=== Exercise instructions ===
Set down all of the data that follows word for word, without the images.

=== Provided material ===

+ + + +

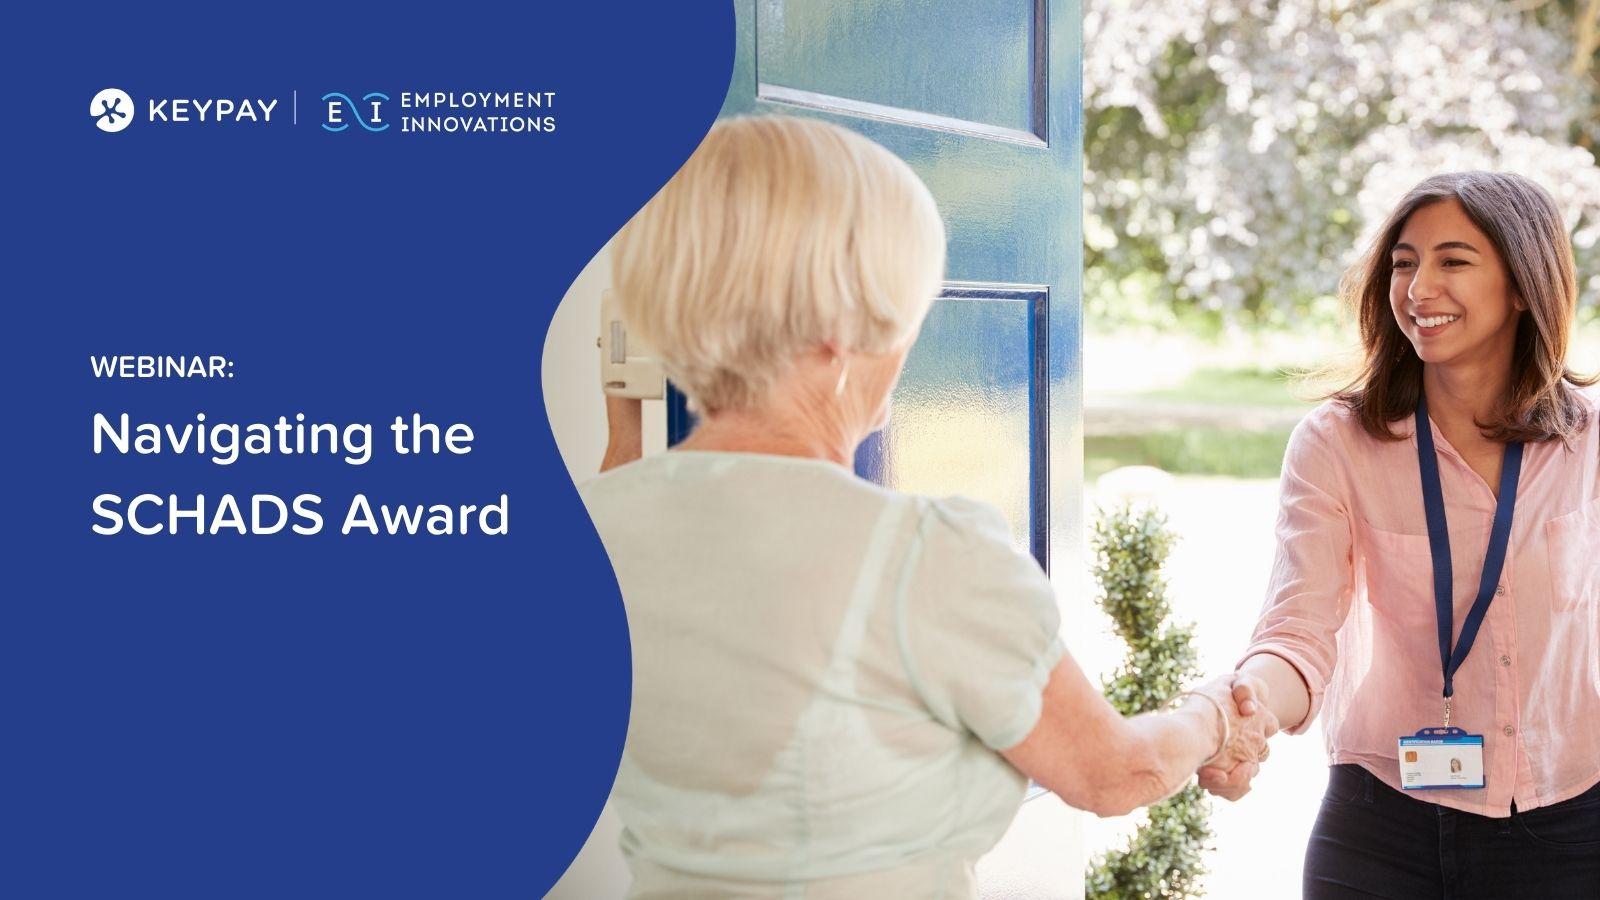 Navigating the SCHADS Award: KeyPay x Employment Innovations
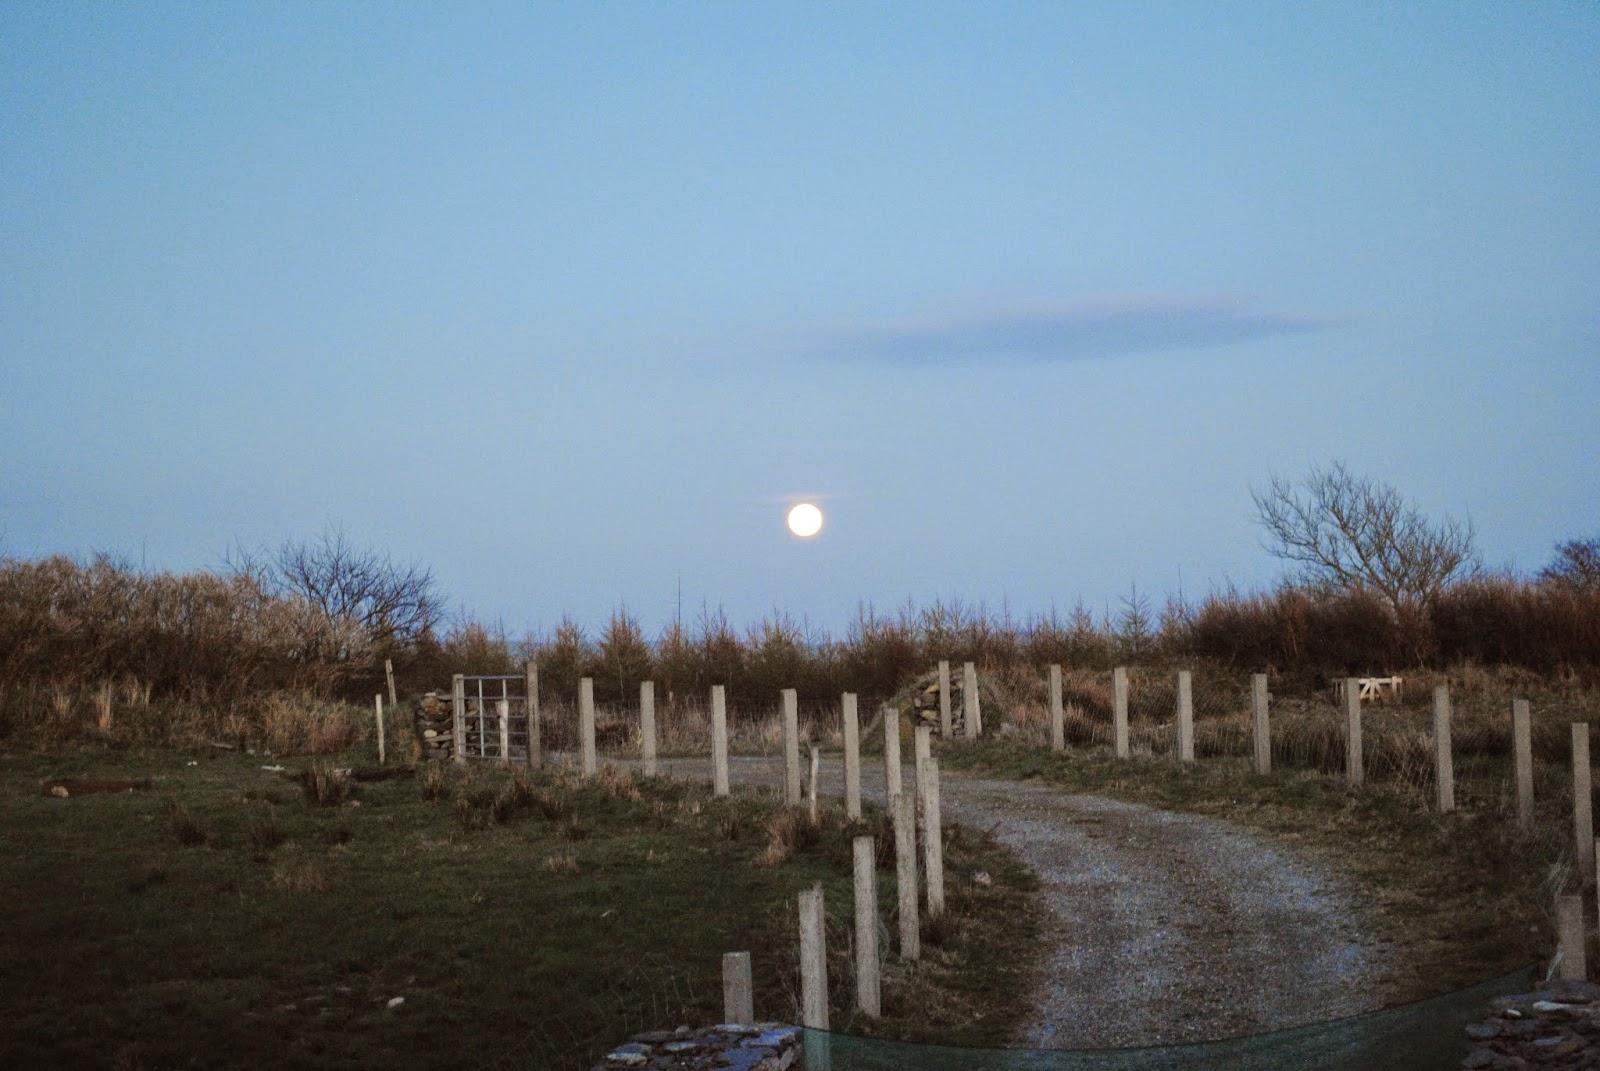 Full Moon Eclipse, 4th April 2015
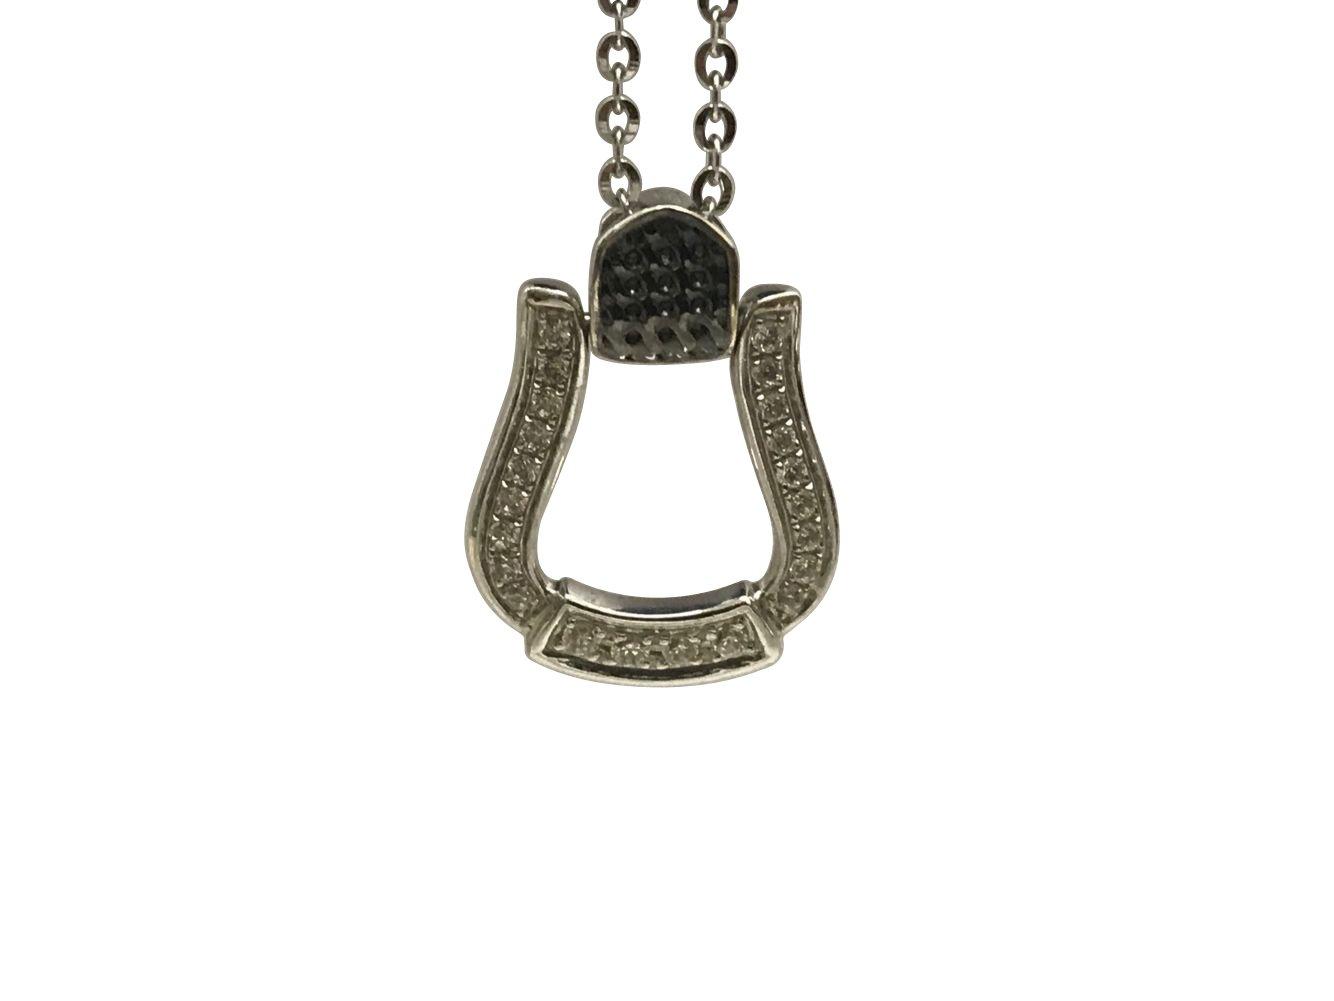 9K Zircon Horseshoe Journey Style Necklace-A
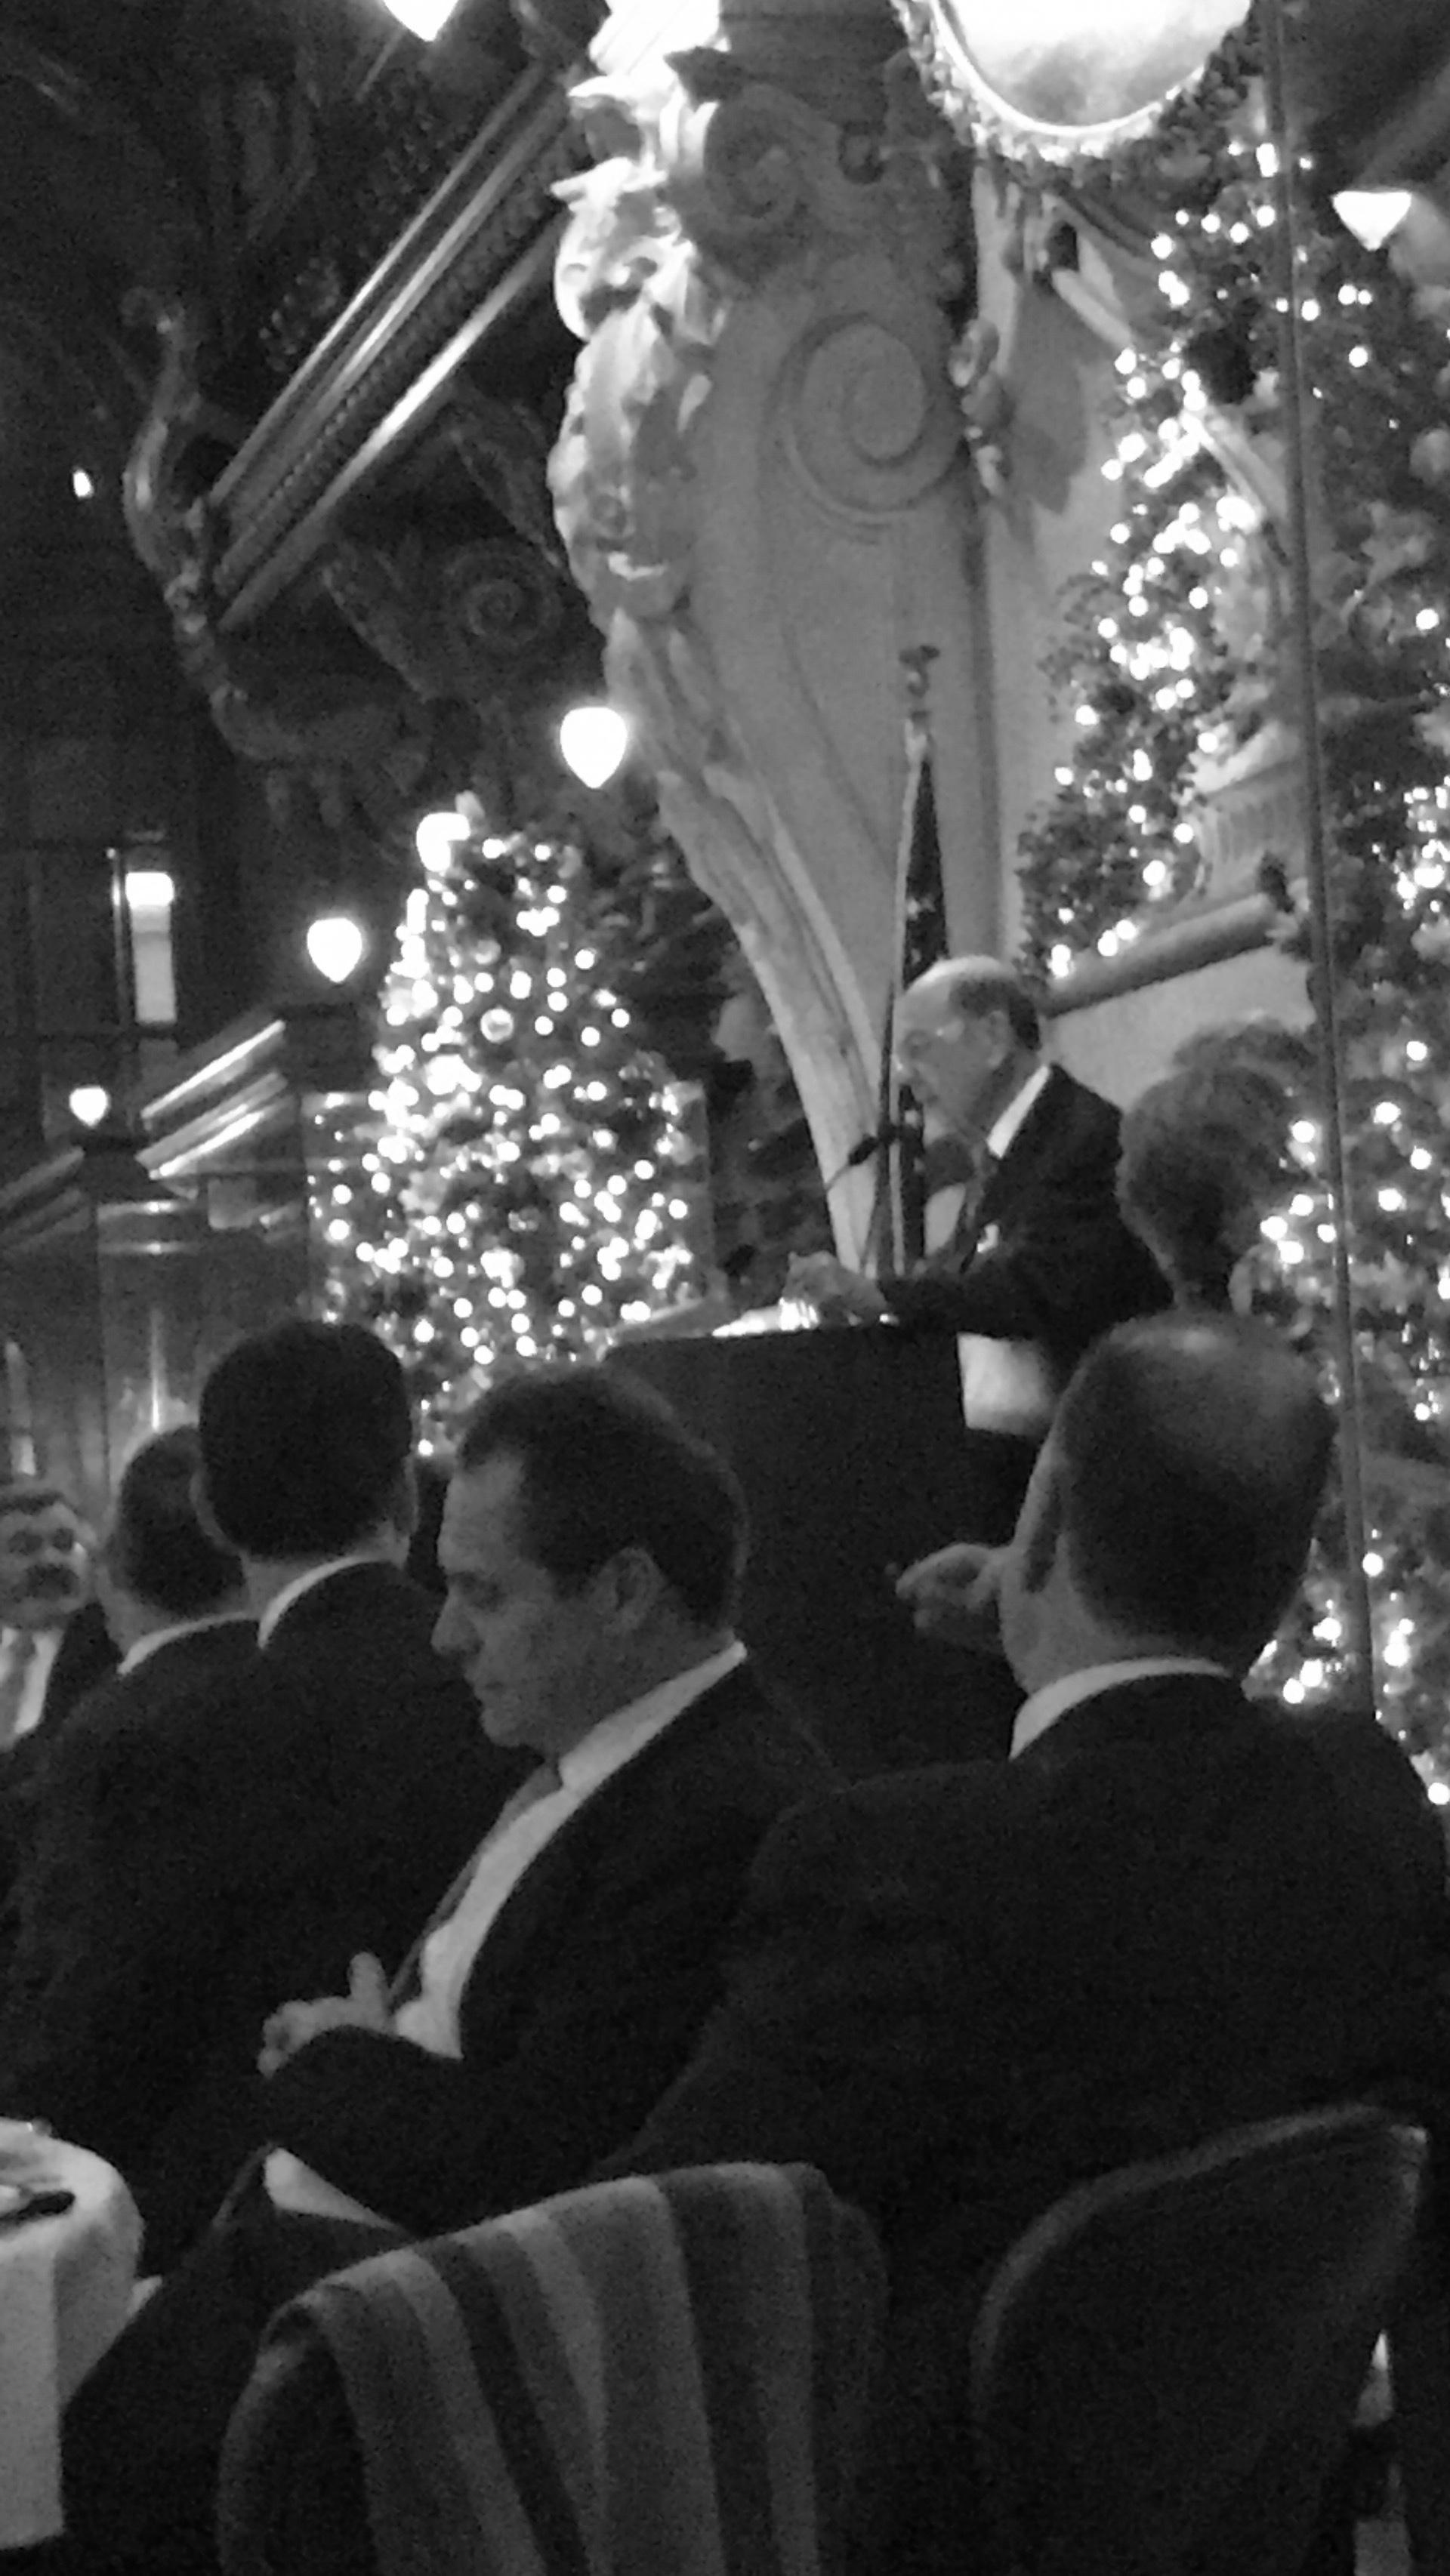 United States Secretary of Commerce Wilbur Ross gave a great dinner speech.

+ + + +

=== Answer box ===
 Navigating the SCHADS Award: KeyPay x Employment Innovations
 Full Moon Eclipse, 4th April 2015
 9K Zircon Horseshoe Journey Style Necklace-A
 United States Secretary of Commerce Wilbur Ross gave a great dinner speech.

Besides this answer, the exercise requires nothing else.